When interacting with others in that state, their agitation will be apparent and relevant to those with whom they interact. Sometimes, saying “calm down” is the result of trying to get someone to speak slowly enough to understand what is being said so that assistance can be provided (a 911 operator would be a go-to example of this scenario). In most cases, however, the phrase “calm down” is not dealing with that sort of a situation. Usually it has a far more nefarious and even hurtful undertone.

“Calm down” can frequently imply that it is the agitated person’s responsibility to force themselves to act in a manner contrary to how they feel. It also indicates that the second person does not place the same value on the situation which has caused the person’s state of unrest, which can imply that the person is a poor judge of a situation, or that assistance will not be provided because the two people cannot agree on the proper value to place on that situation, resulting in further agitation. The person has basically been told, “I don’t care about what’s bothering you, I’m not going to help you resolve the matter, and further interaction requires you to act in a manner contrary to your feelings right now”. When phrased this way, it is far more apparent why saying “calm down” is not the way to diffuse a situation.

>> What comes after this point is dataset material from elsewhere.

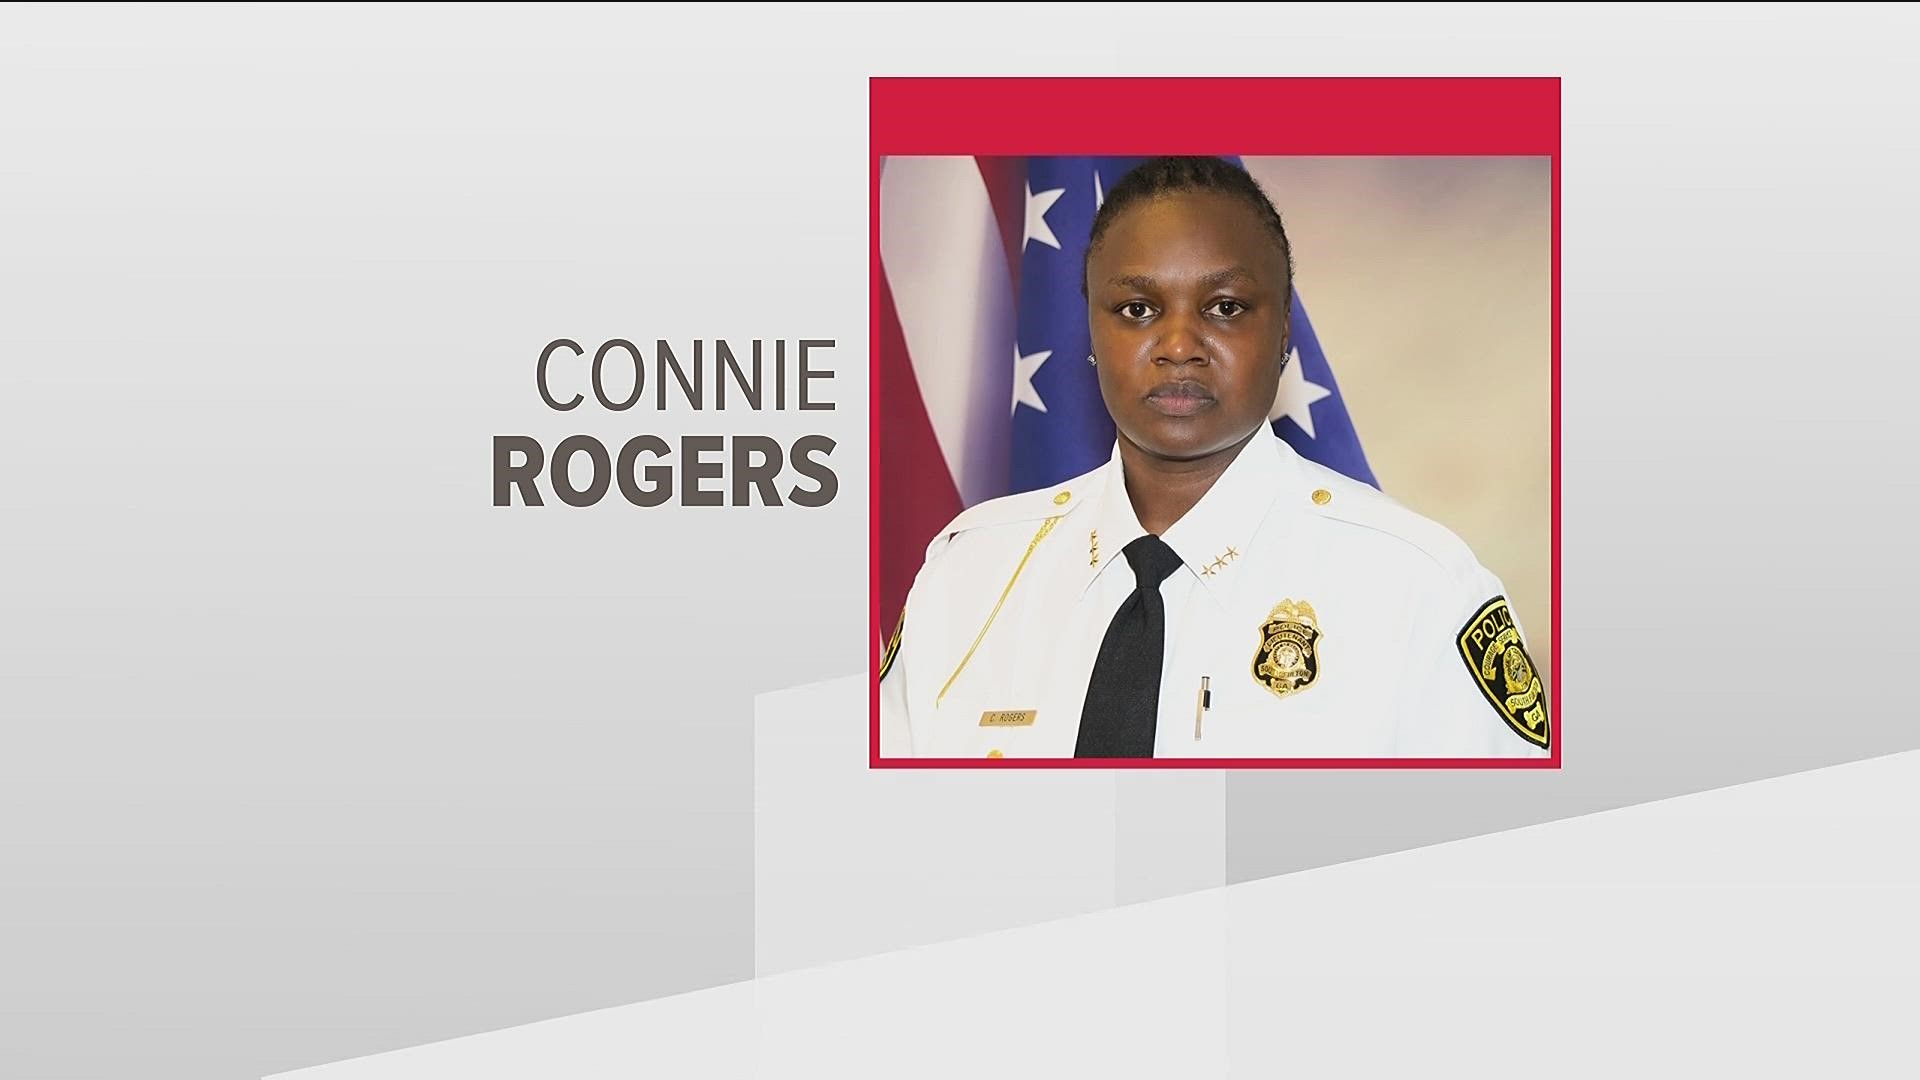 Connie Rogers made history Tuesday – becoming the first Black woman appointed Chief of Police in College Park.

“So what do we say instead, Joey?” I thought you’d never ask. “What’s wrong” is usually a good start – it implies that you are listening to what’s troubling the other person. If you’re unable to help, say so, but make it clear that it’s because you’re unable to, rather than unwilling. If you are able to help, be sure to ask first – imposing help upon someone who doesn’t desire it will likely become more agitated because their assessment of the situation is such that the complexity has increased, rather than decreased. Sometimes, having a platform on which to state the problem out loud is enough – think about the times when a joke “sounded better in your head”, and consider that the phenomenon of something being more clear when being spoken aloud happens in other situations as well. The brain uses different sections for speech, which is why speaking aloud can greatly assist in solving the problem. Finally, even if you assess a problem to be far less urgent than the person speaking, ensure they know you are not simply dismissing it, but have given it actual thought and consideration yourself. It may not help in the moment, but it will ultimately assist in the relationship as a whole.

 

Keep calm, and carry on.

1 thought on ““Calm Down”

  1. I agree that it’s often misused. When the EMT’s or Police Officers say it, it’s usually not said by itself. Normally it’s immediately followed (or preceded) by other words like “we’re here” “we’ve got you” “you’re okay now” or “what happened?”

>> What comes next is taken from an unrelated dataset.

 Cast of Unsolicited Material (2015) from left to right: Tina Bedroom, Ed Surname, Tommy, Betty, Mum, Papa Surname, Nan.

    When parents say it to a small crying child,… similar words also accompany it like “it’s okay” “you’re safe now” “what happened”?

    In these instances, I think it’s perfectly okay to use that phrase, and often times is used without thinking. It just comes out naturally.

    I can even understand trying to quiet someone who’s making a scene in public (like if someone is yelling in a restaurant) – but in those cases I often say something like “I’m here, I’m listening, but please lower your voice”. Or even “Can we go somewhere else in private to talk?”

    But when an adult is upset about something and is talking to another adult and they say that – and not much else – then it gets really offensive. Often times I’ve heard someone talking normally but passionately about a subject matter and the other person says “calm down”. In these cases it does come across as dismissive and rude.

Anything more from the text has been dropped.